Intelligent search techniques and an intelligent agent for smart search are useful in many application domains. In the contribution by Seo et al. “Realtime fire detection using CNN and search space navigation,” the authors develop a state space navigational model for intelligent agents aimed at industrial surveillance from fire hazards [14]. They focus is on fire detection using the convolution neural network then proactively search the area which are more likely to have routes toward the target. This problem can be simulated into an optimization problem over a state space, which can be figure out effectively through a greedy algorithm. The authors also compare this approach with both uninformed and informed search algorithms.

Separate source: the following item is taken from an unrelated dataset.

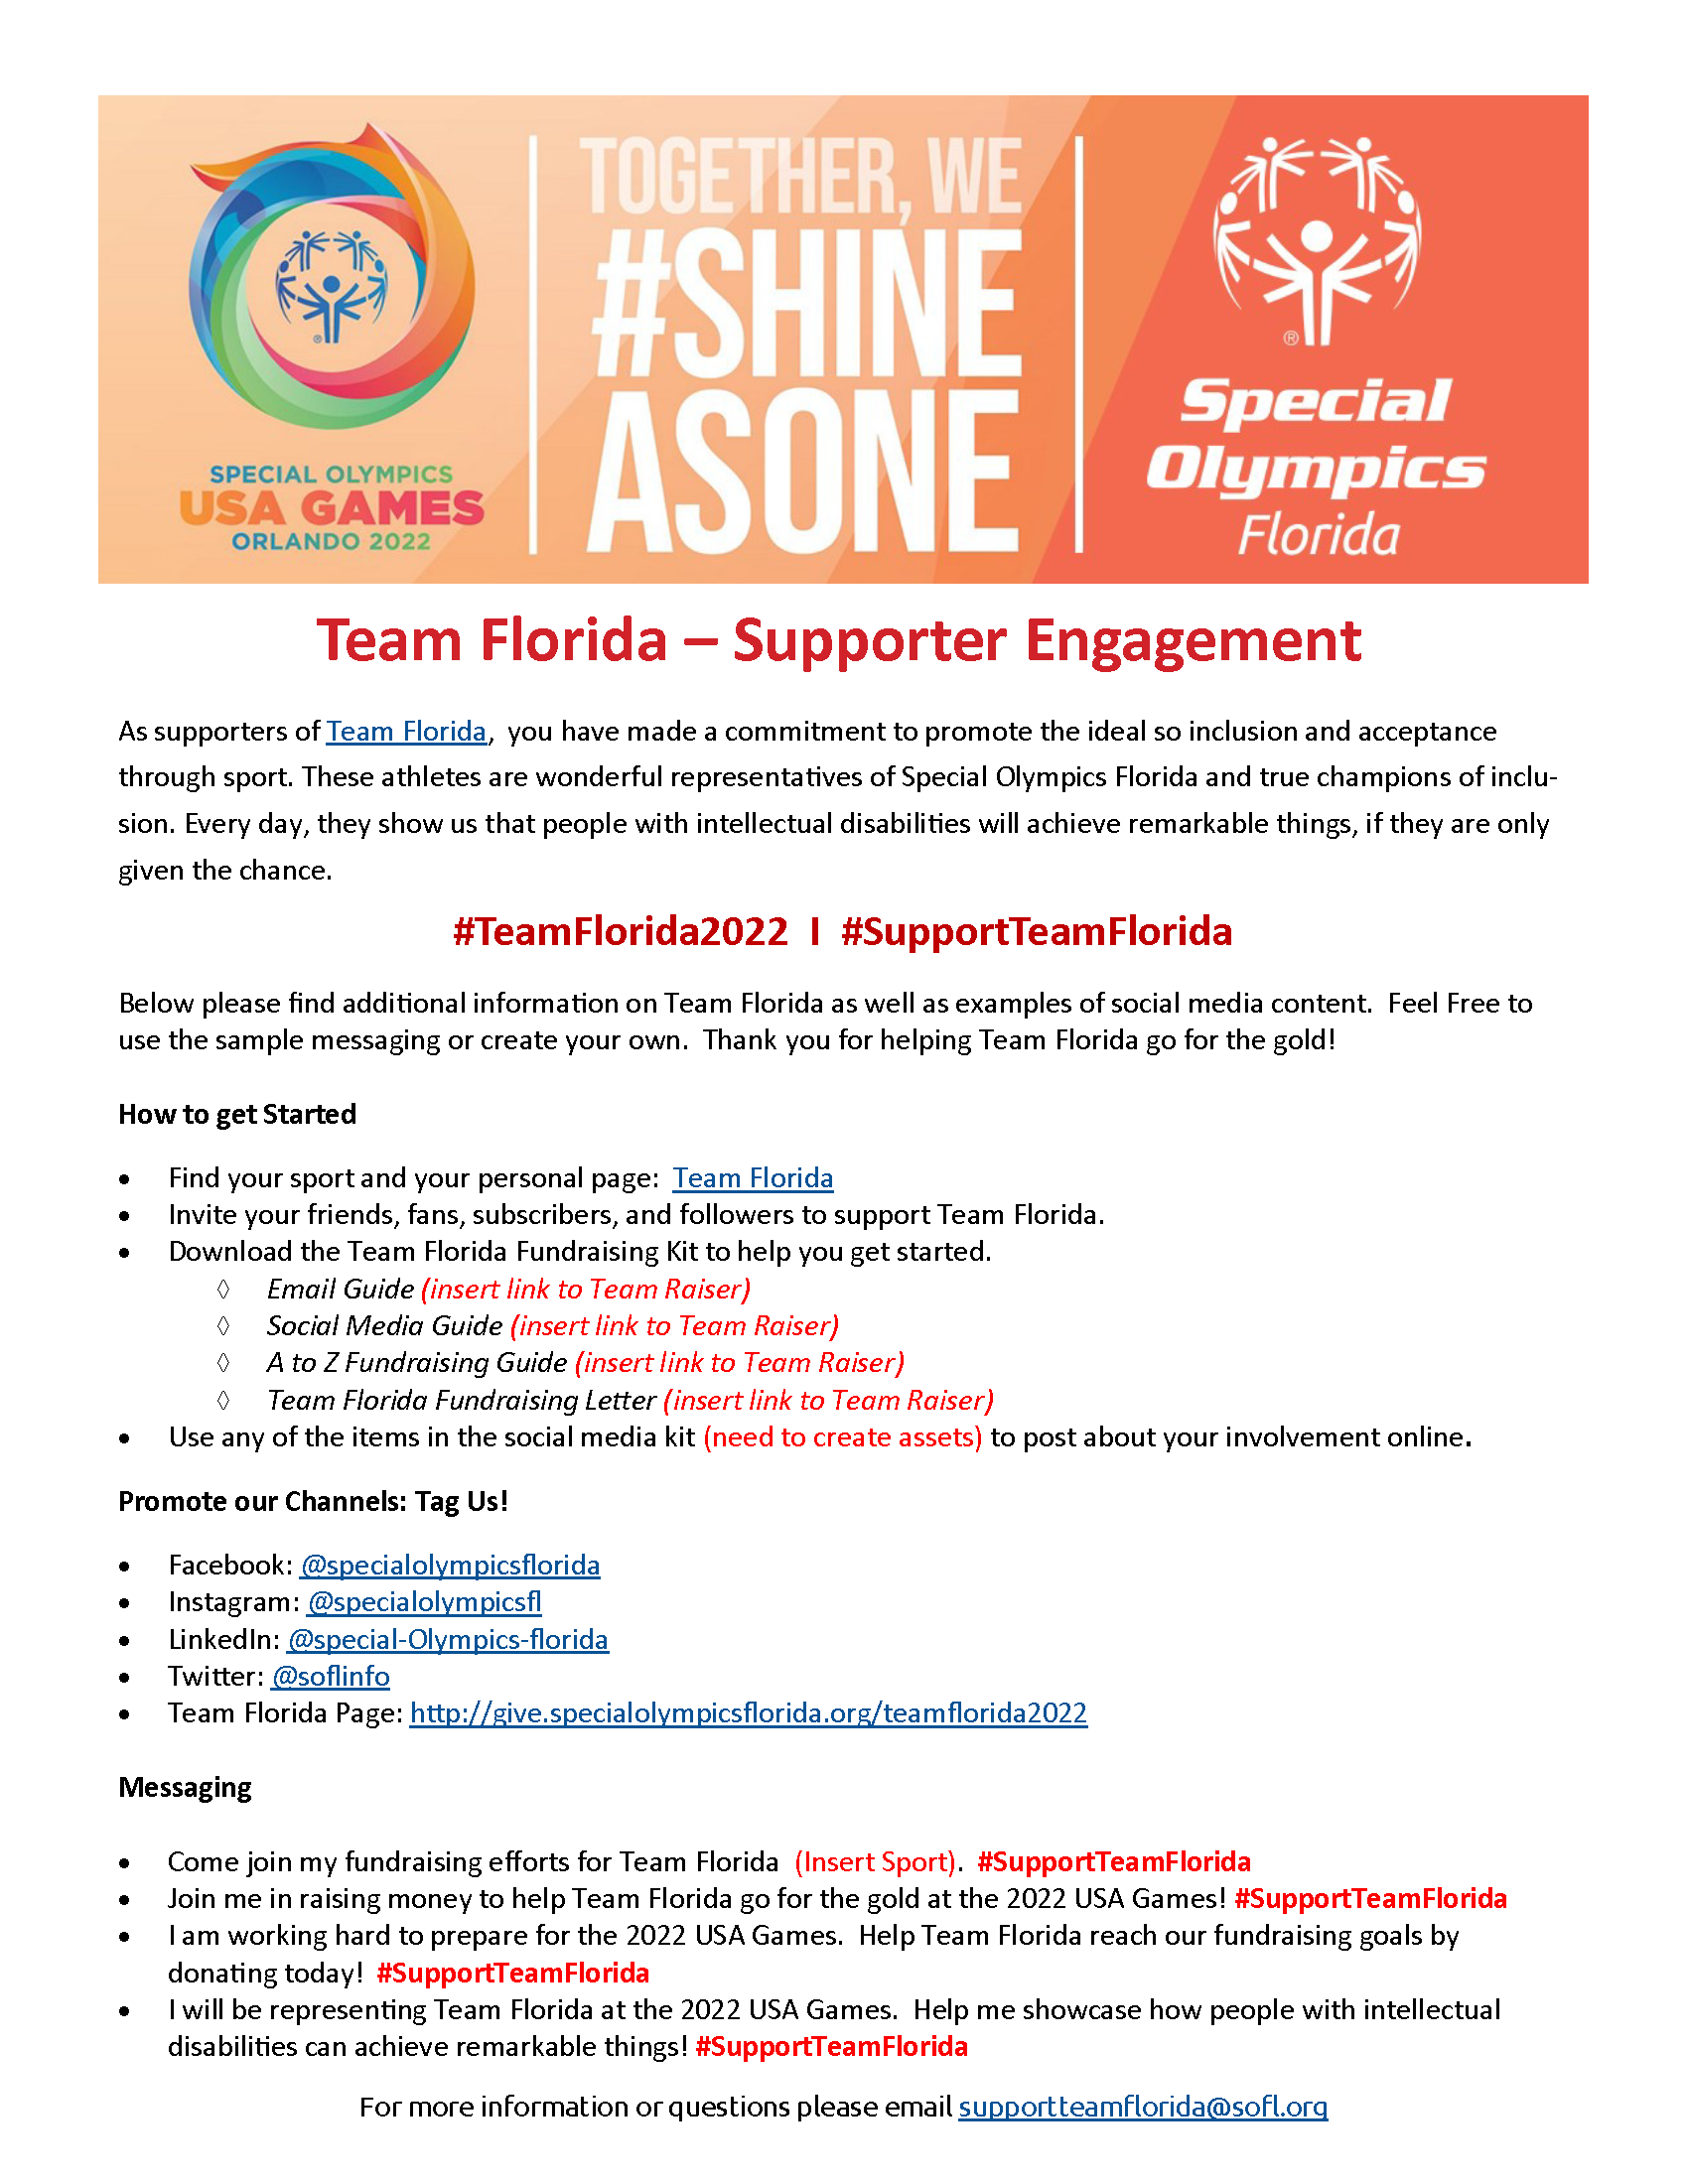 USA Games 2022 - Team Florida Supporter Guide

They evaluate this proposed system using various search algorithms for search and rescue agent. The analysis of the results obtained demonstrate the efficiency of the system.

3 Conclusion

The articles presented in this special issue provides insights in fields related to Deep Learning for Emerging Embedded Real-Time Image and Video Processing Systems, including models, performance evaluation and improvements, and application developments. The guest editors wish that the readers can benefit from insights of these papers, and contribute to these rapidly growing areas. We also hope that this special issue would shed light on major developments in the area of Real-Time Image Processing and attract attention by the scientific community to pursue further investigations leading to the rapid implementation of these technologies.